▶ **Task to carry out**
In the material below, find the line containing "That's us testing" and the line containing "camel-coloring-page-for-kids-pictures-animal-place". Output those two lines and all lines between them exactly, without pictures.

▶ **Source information**
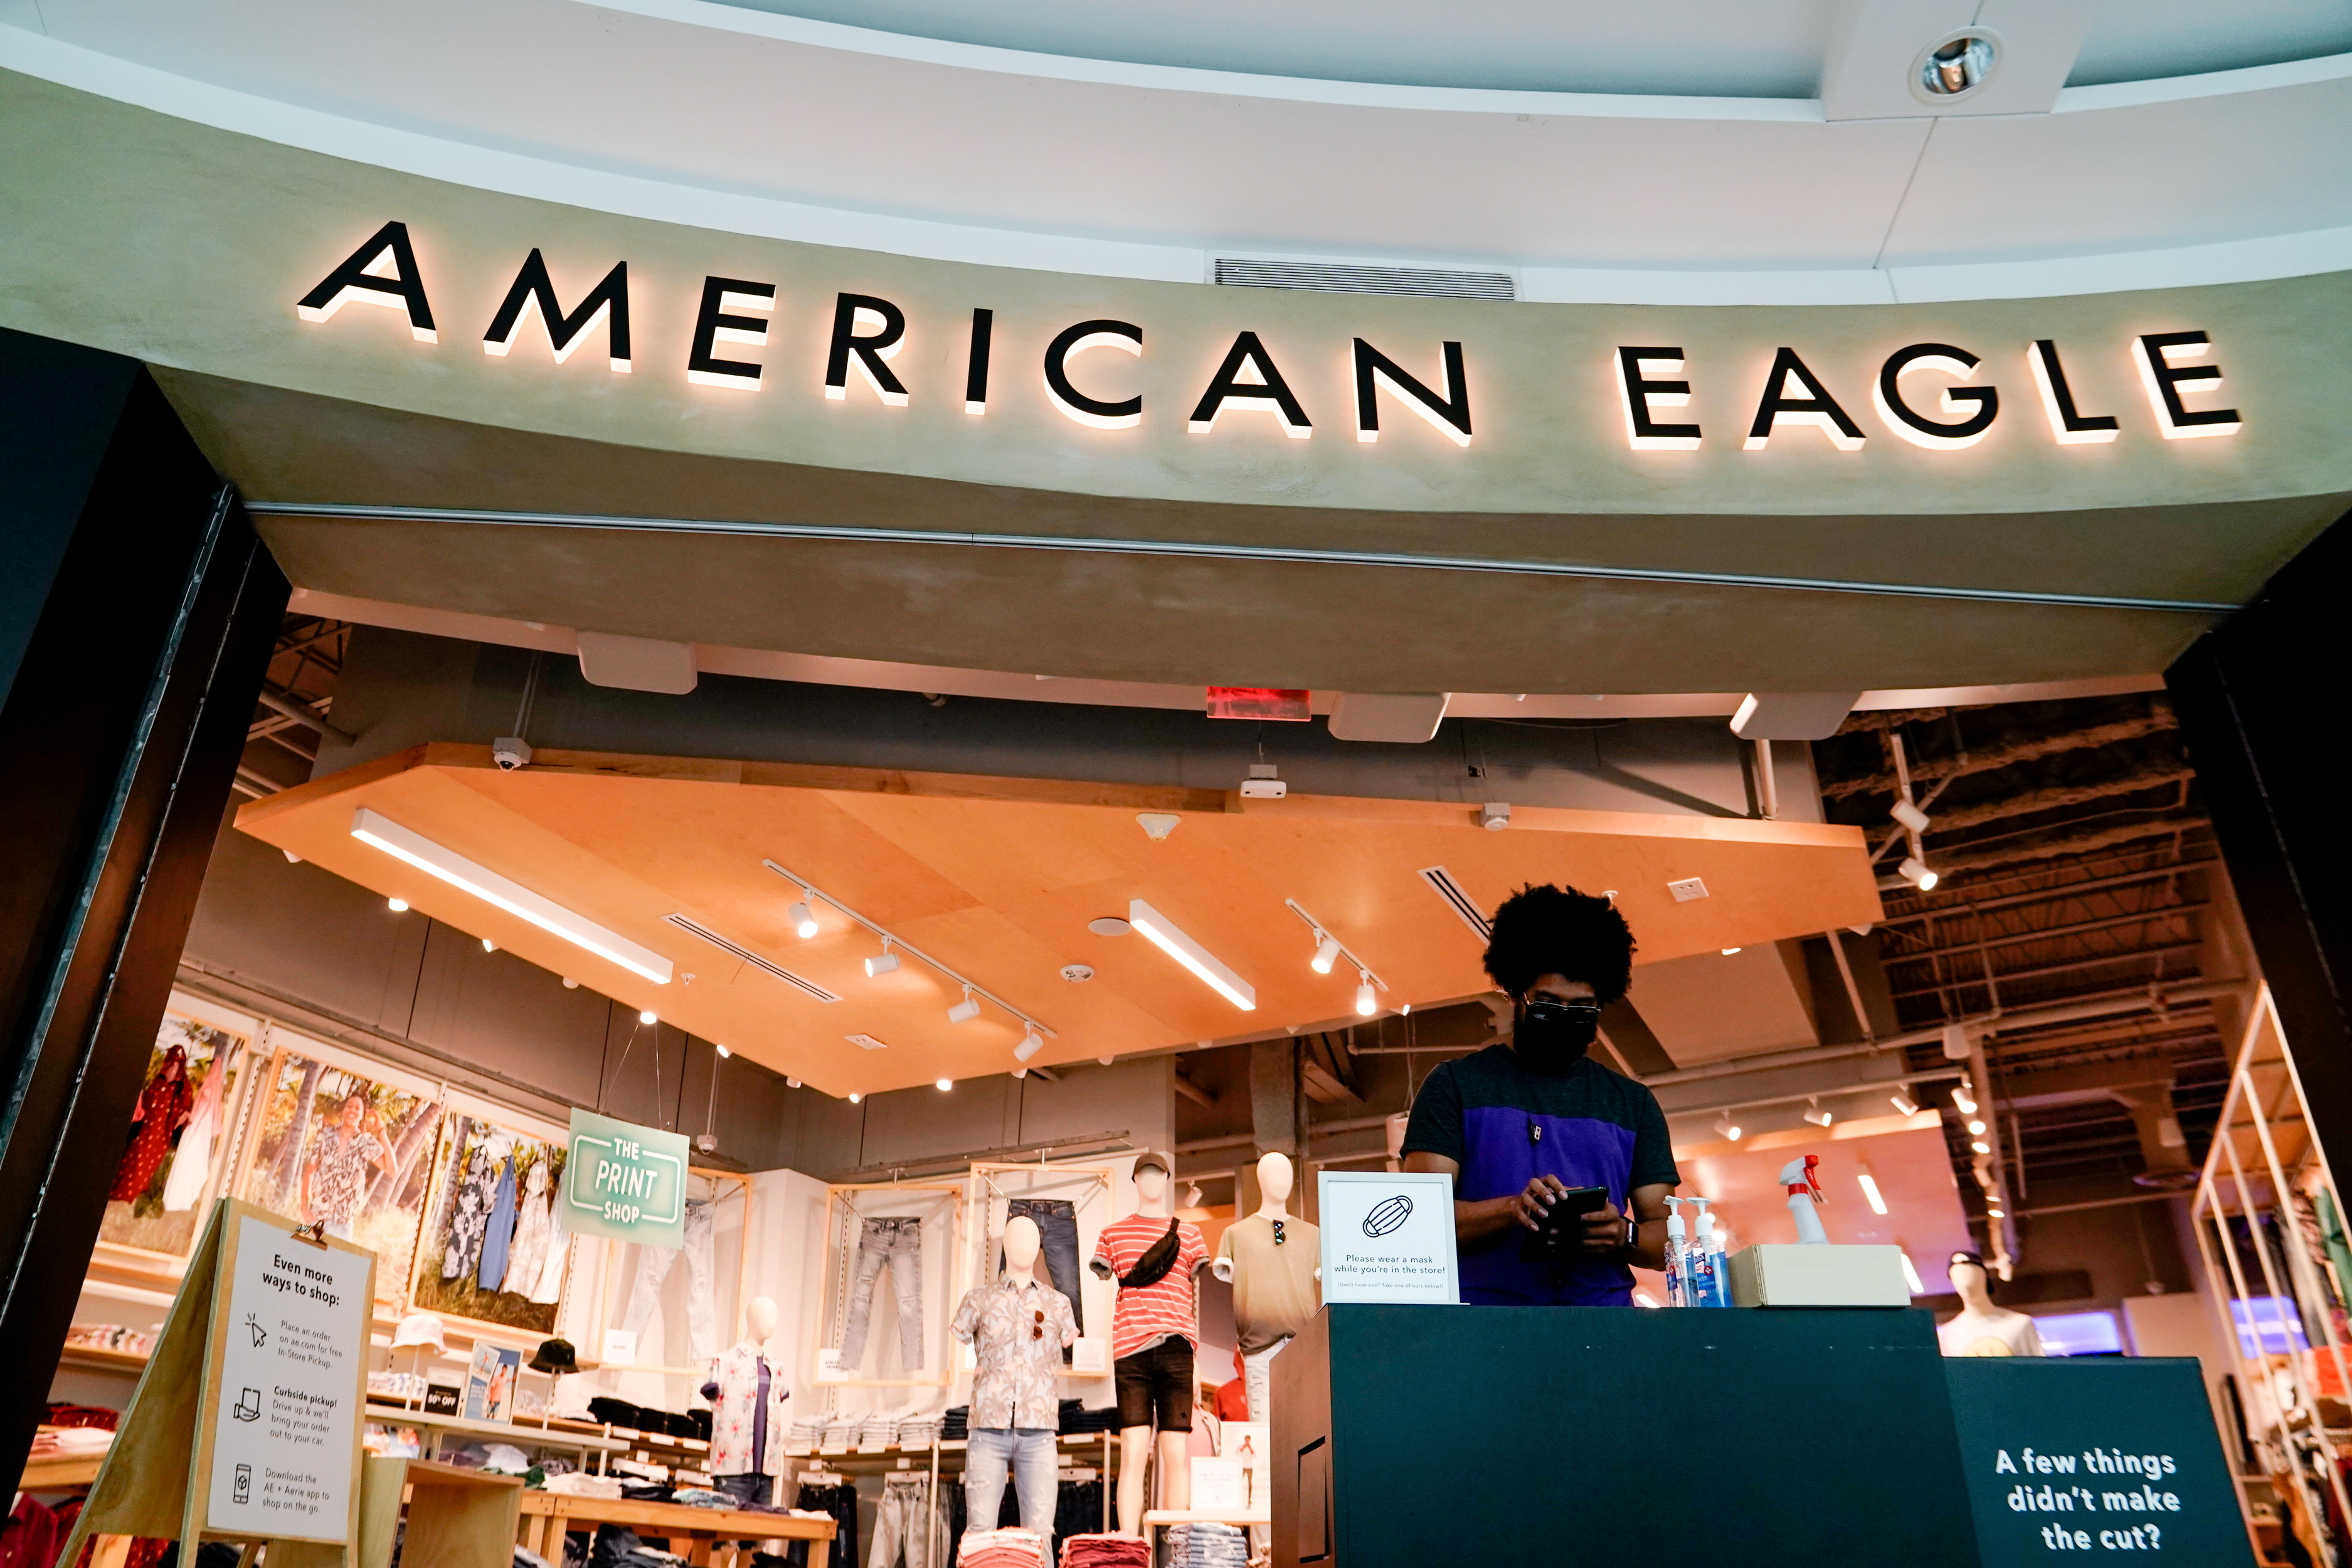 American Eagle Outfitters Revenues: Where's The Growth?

---

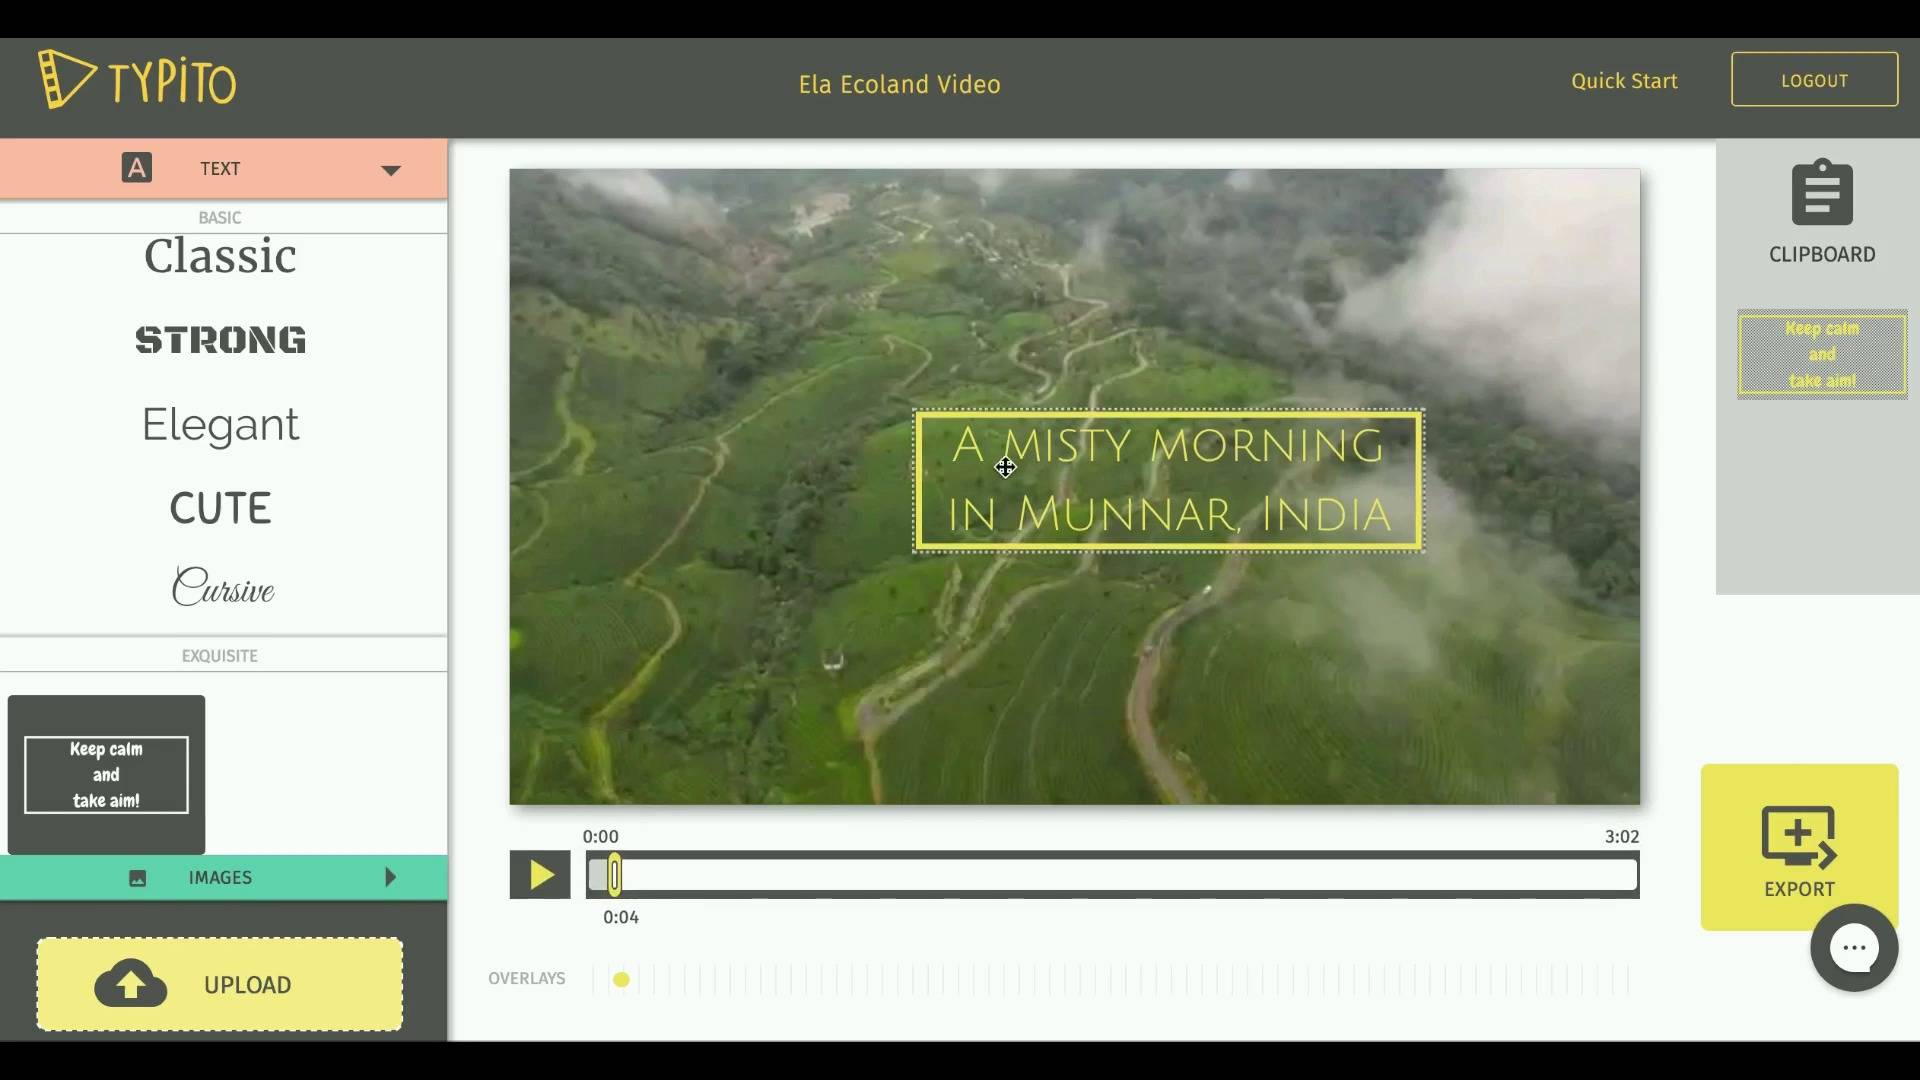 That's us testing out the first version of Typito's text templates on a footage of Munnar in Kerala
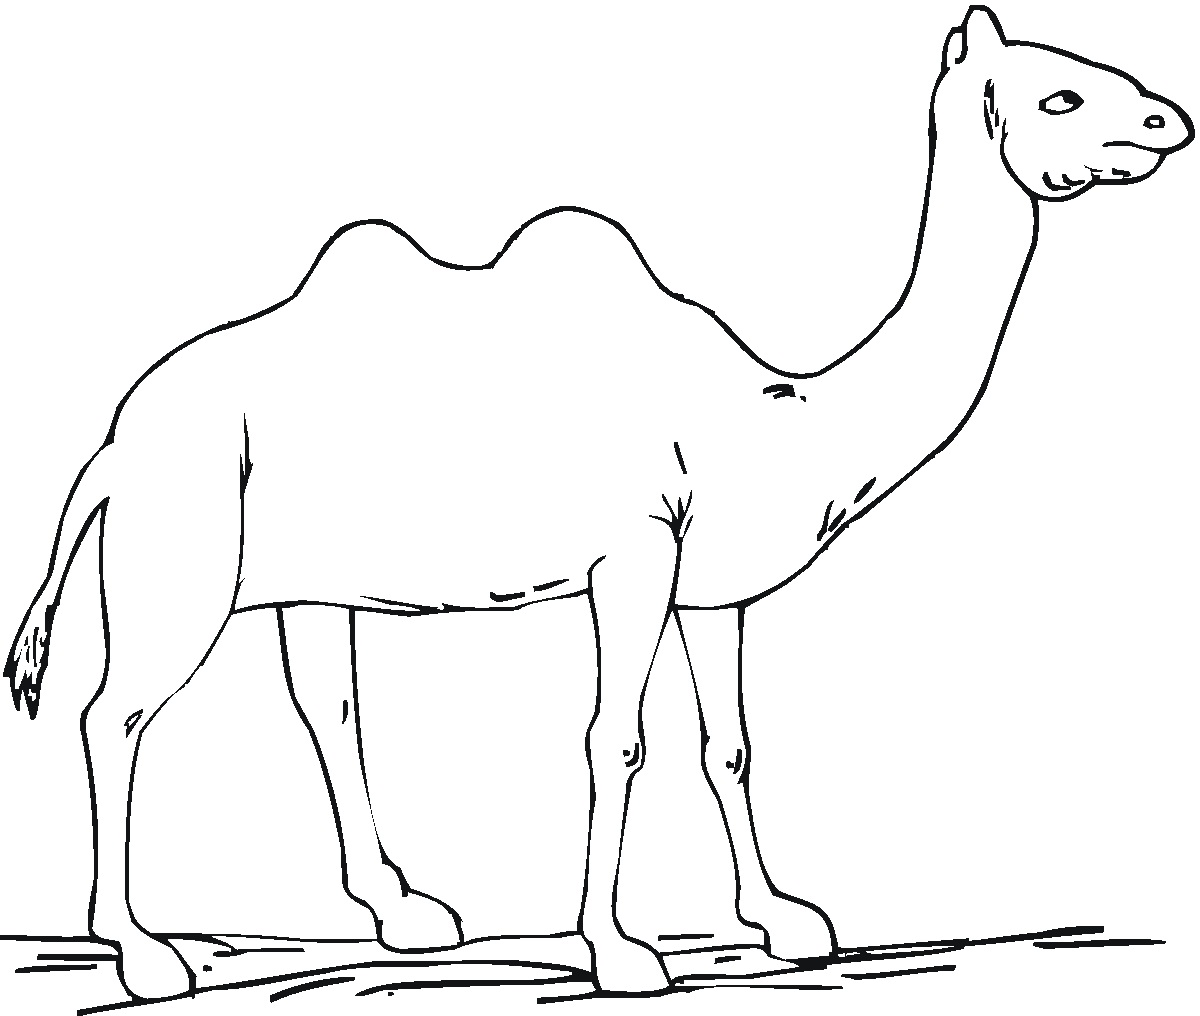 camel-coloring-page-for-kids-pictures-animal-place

---

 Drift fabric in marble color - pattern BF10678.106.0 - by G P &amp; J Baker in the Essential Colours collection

▶ **Reply to the exercise**
 That's us testing out the first version of Typito's text templates on a footage of Munnar in Kerala
 camel-coloring-page-for-kids-pictures-animal-place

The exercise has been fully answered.